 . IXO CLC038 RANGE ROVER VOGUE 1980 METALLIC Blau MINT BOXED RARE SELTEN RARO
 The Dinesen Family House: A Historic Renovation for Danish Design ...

•••••

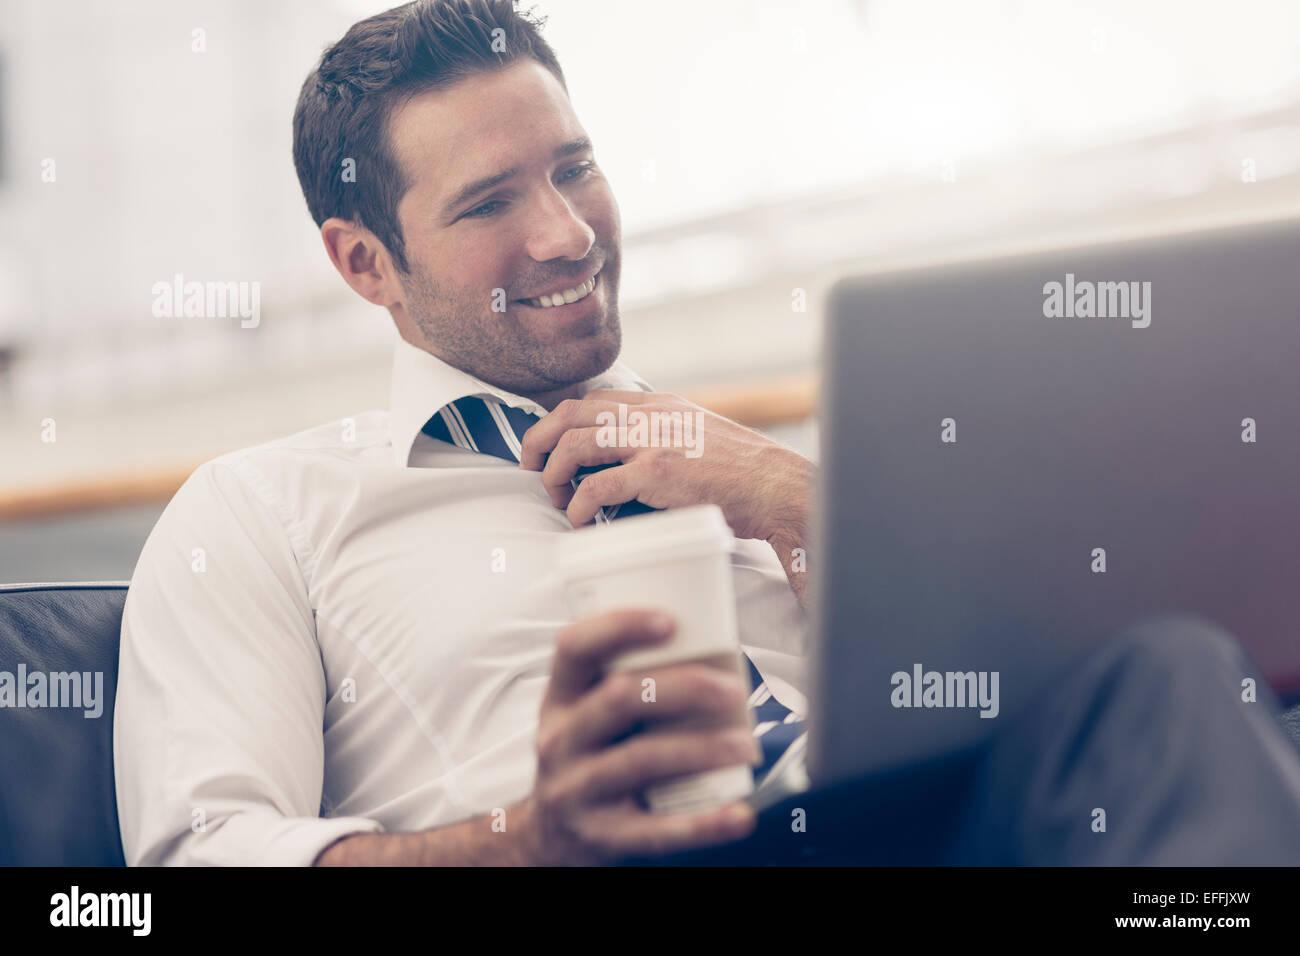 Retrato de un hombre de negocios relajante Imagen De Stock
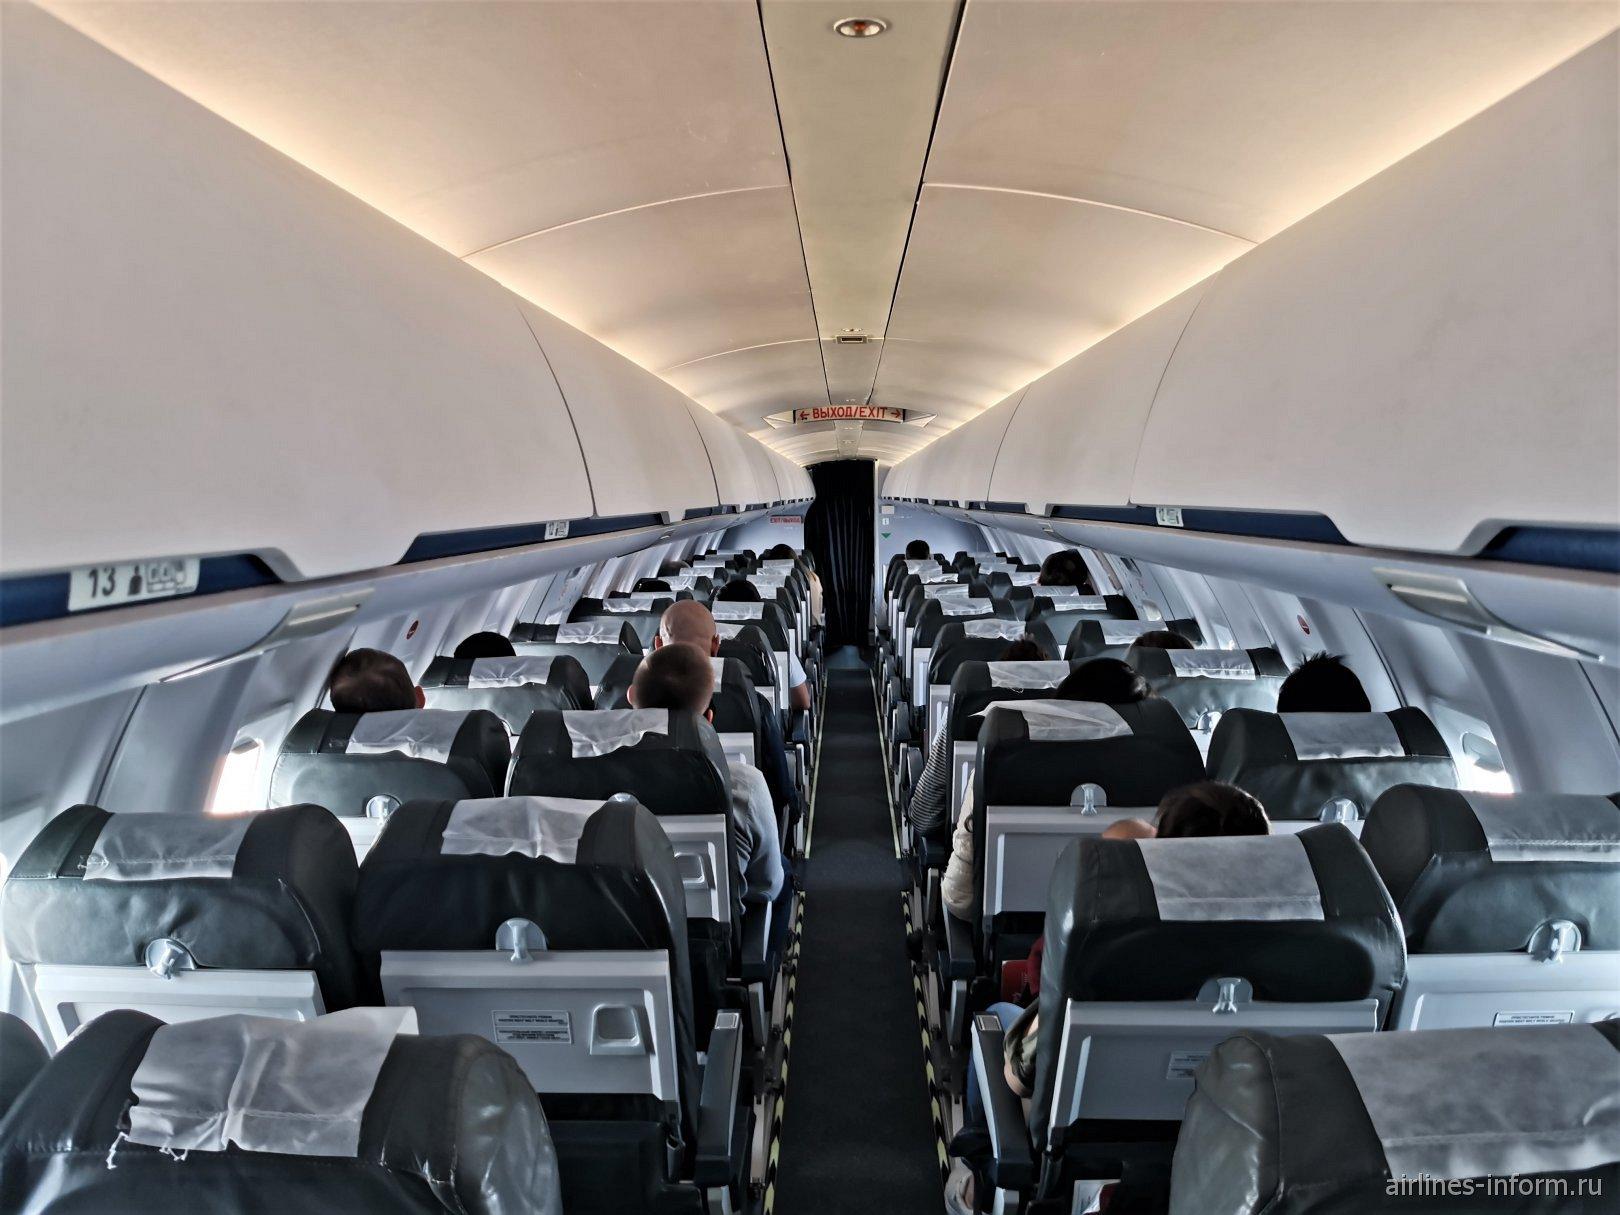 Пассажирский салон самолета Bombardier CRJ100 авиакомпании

•••••

● WHAT YOU SHOULD DO
Lines to set down from above: the line with "RARE SELTEN RARO", the line with "The Dinesen Family", and every line between, each exactly as written.

● OUTPUT OF THE EXERCISE
 . IXO CLC038 RANGE ROVER VOGUE 1980 METALLIC Blau MINT BOXED RARE SELTEN RARO
 The Dinesen Family House: A Historic Renovation for Danish Design ...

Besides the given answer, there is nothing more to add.